## Information supplied
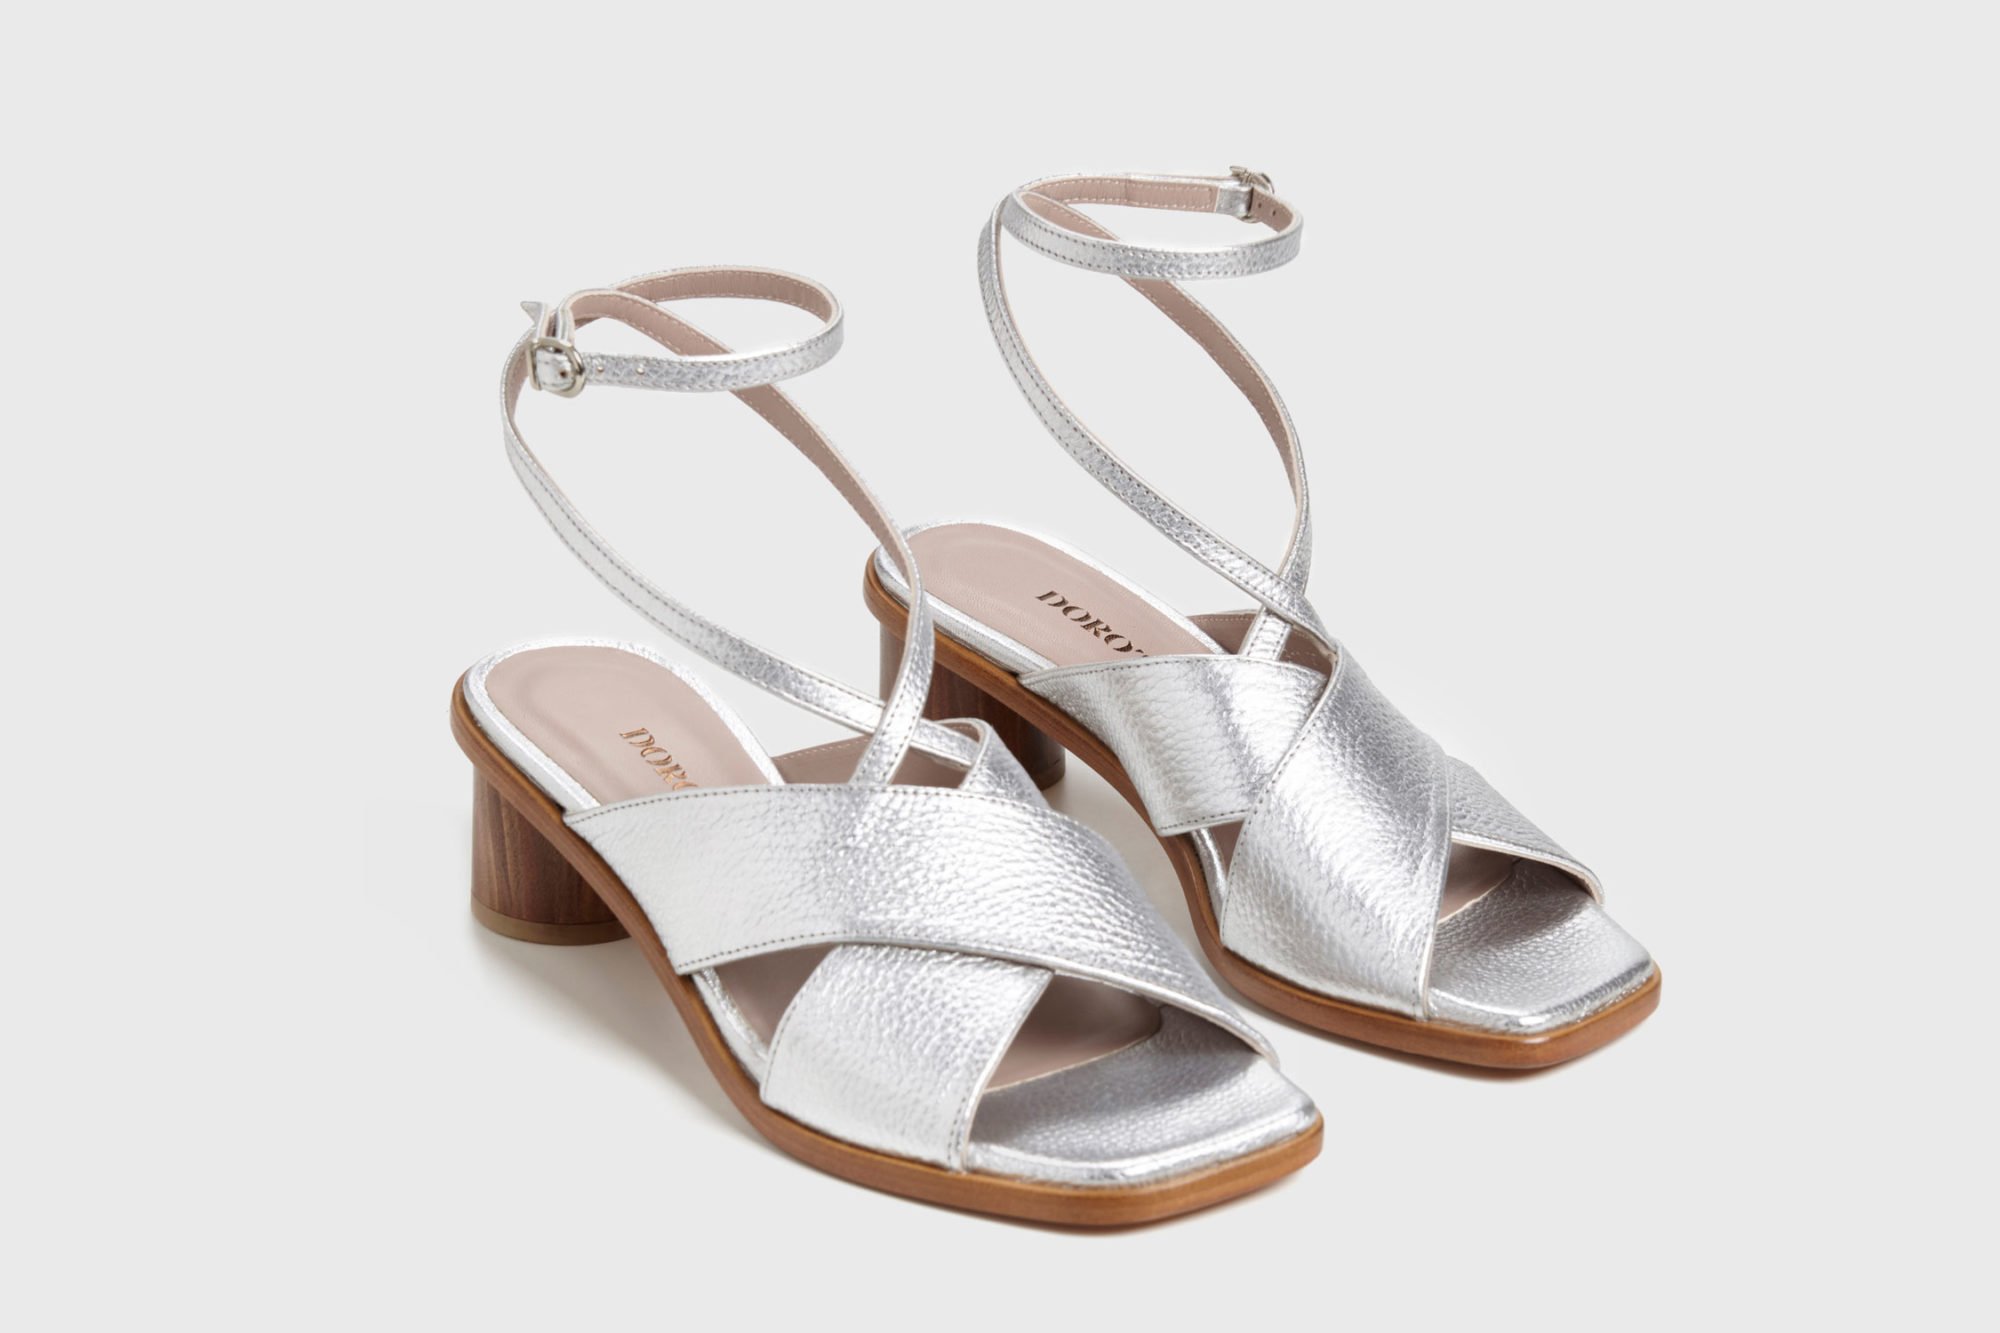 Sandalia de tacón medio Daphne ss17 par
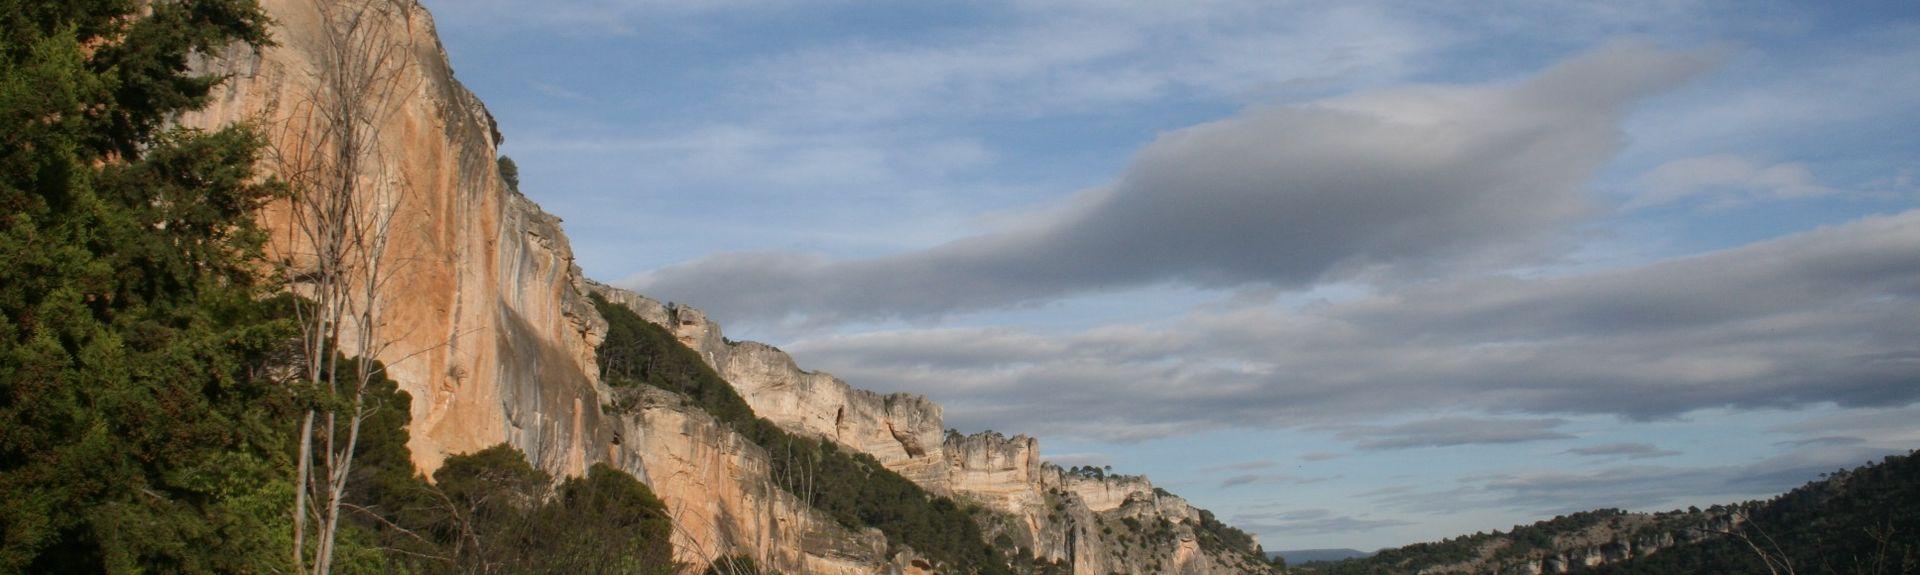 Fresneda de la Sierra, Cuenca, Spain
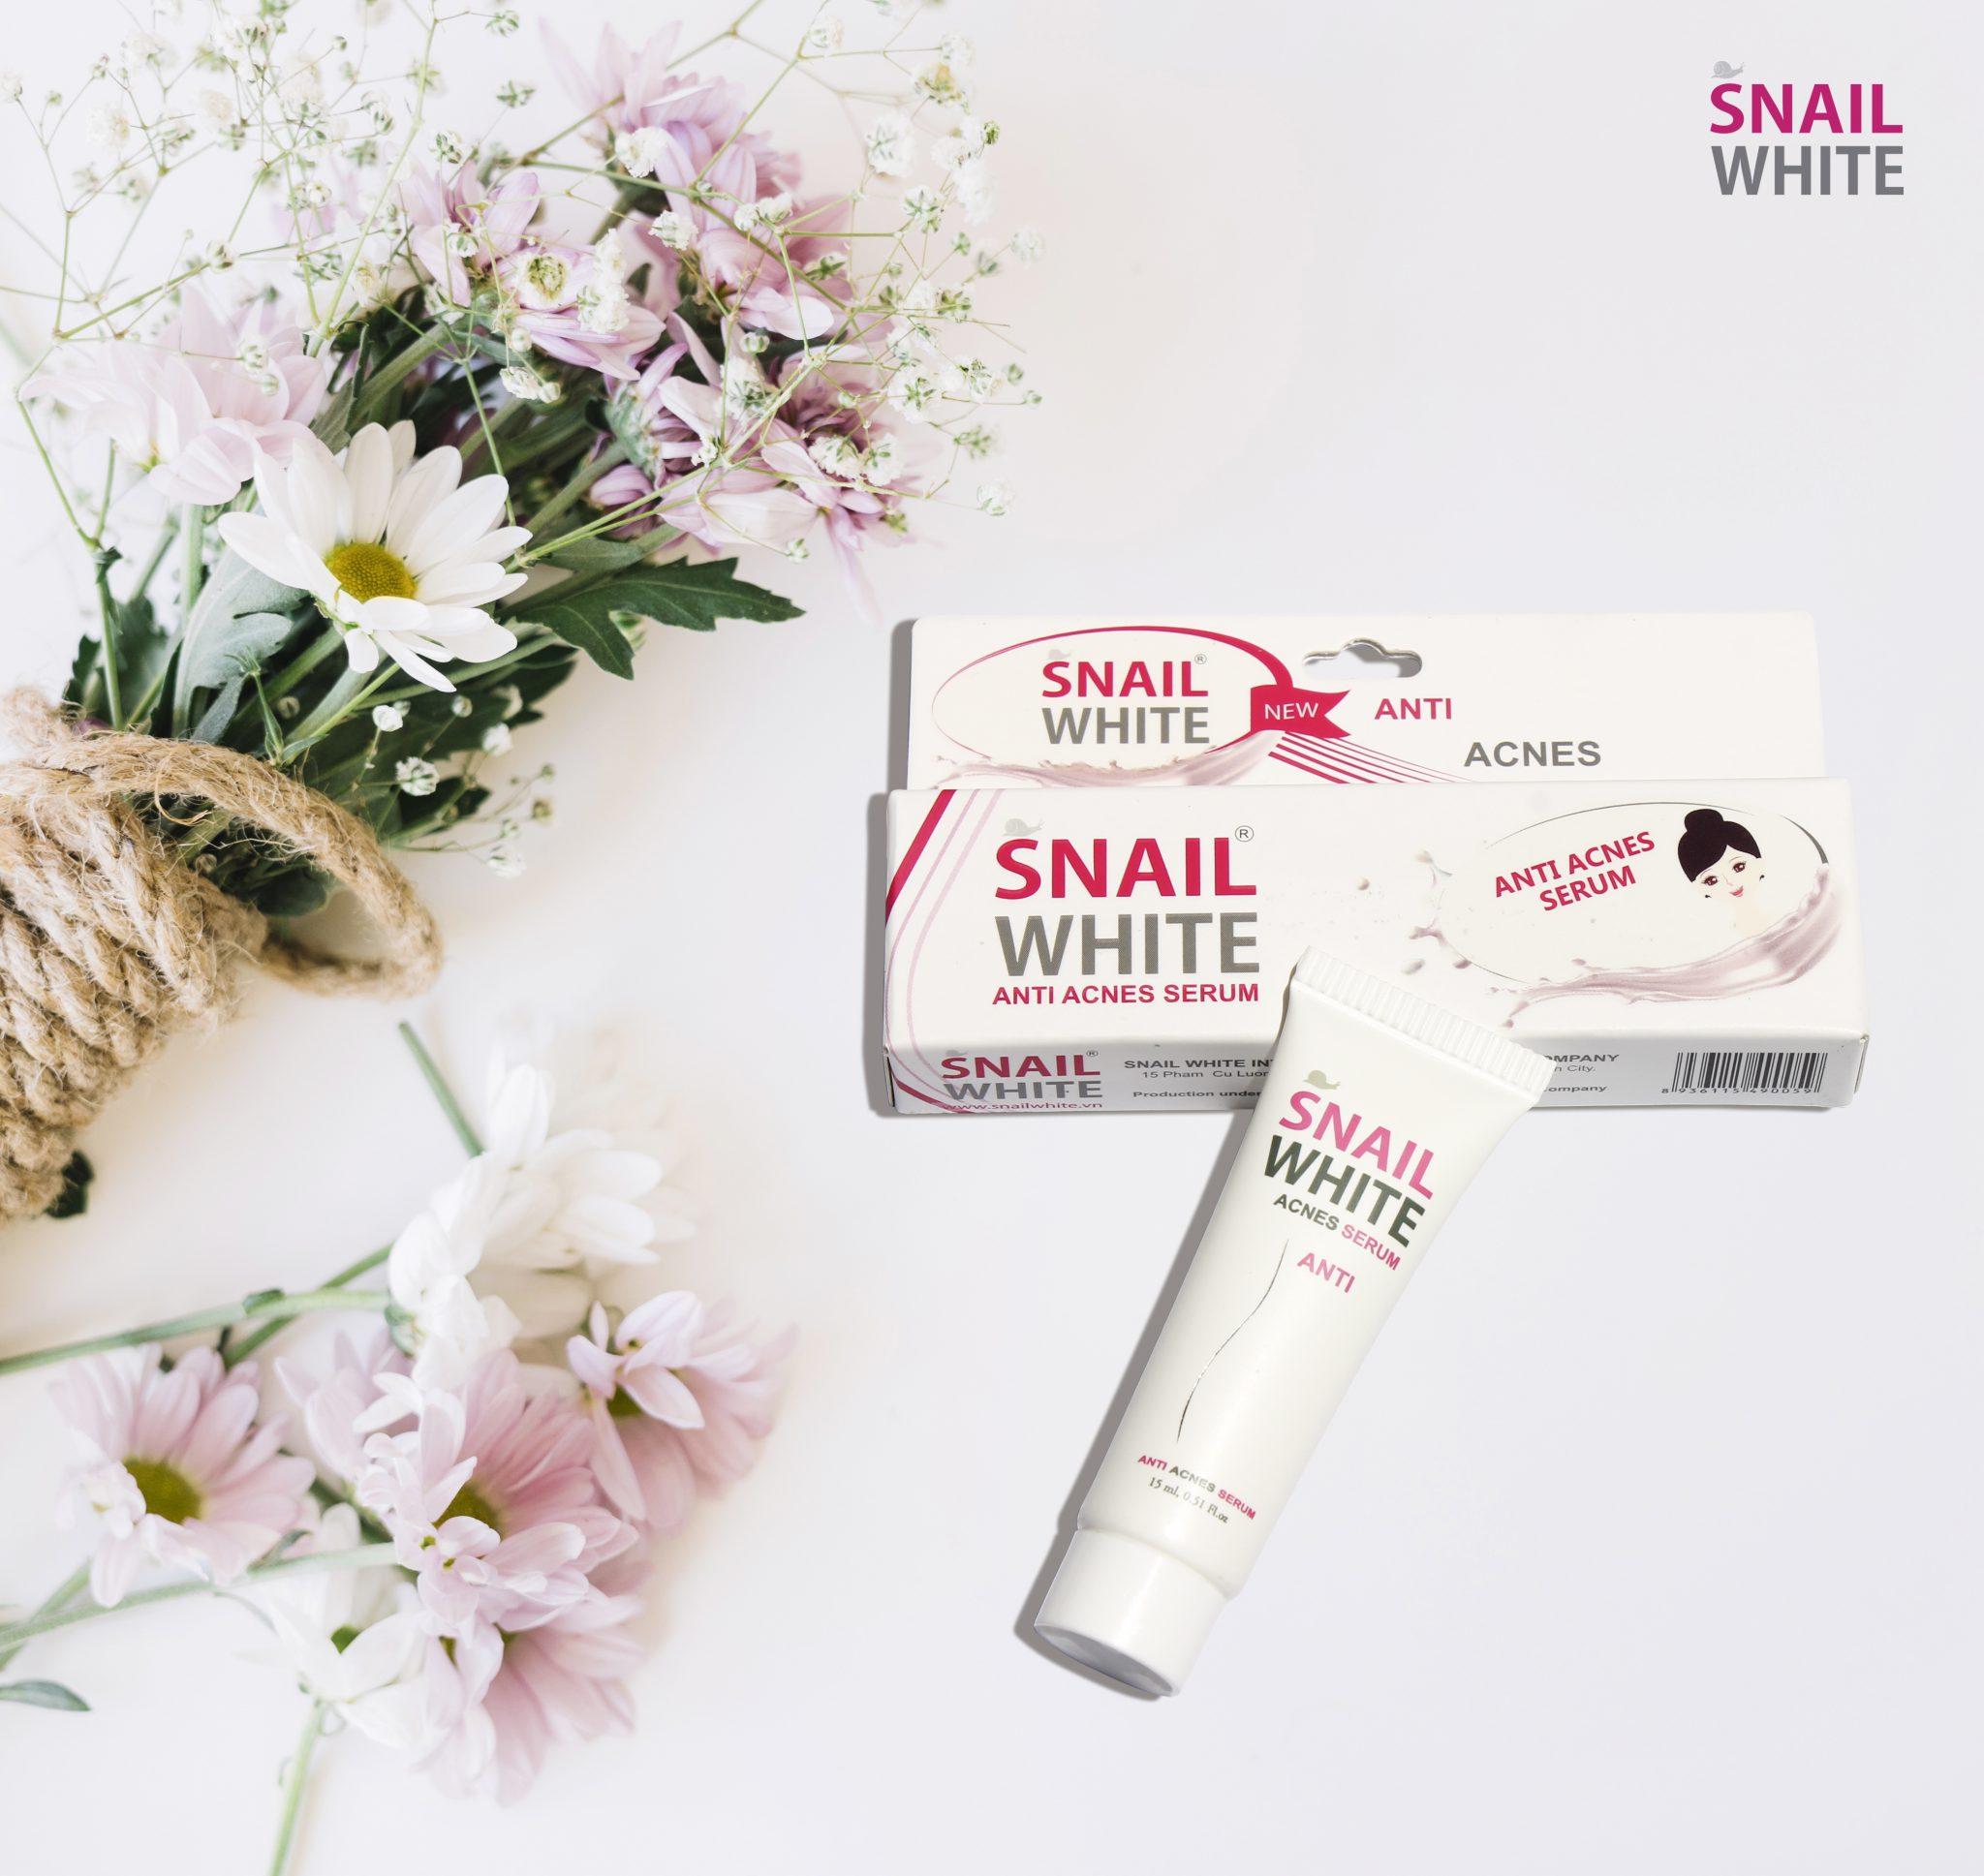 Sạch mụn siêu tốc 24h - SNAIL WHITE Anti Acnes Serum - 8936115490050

## Your objective
Transcribe the material as is, with images omitted.

## Result of this exercise
 Sandalia de tacón medio Daphne ss17 par
 Fresneda de la Sierra, Cuenca, Spain
 Sạch mụn siêu tốc 24h - SNAIL WHITE Anti Acnes Serum - 8936115490050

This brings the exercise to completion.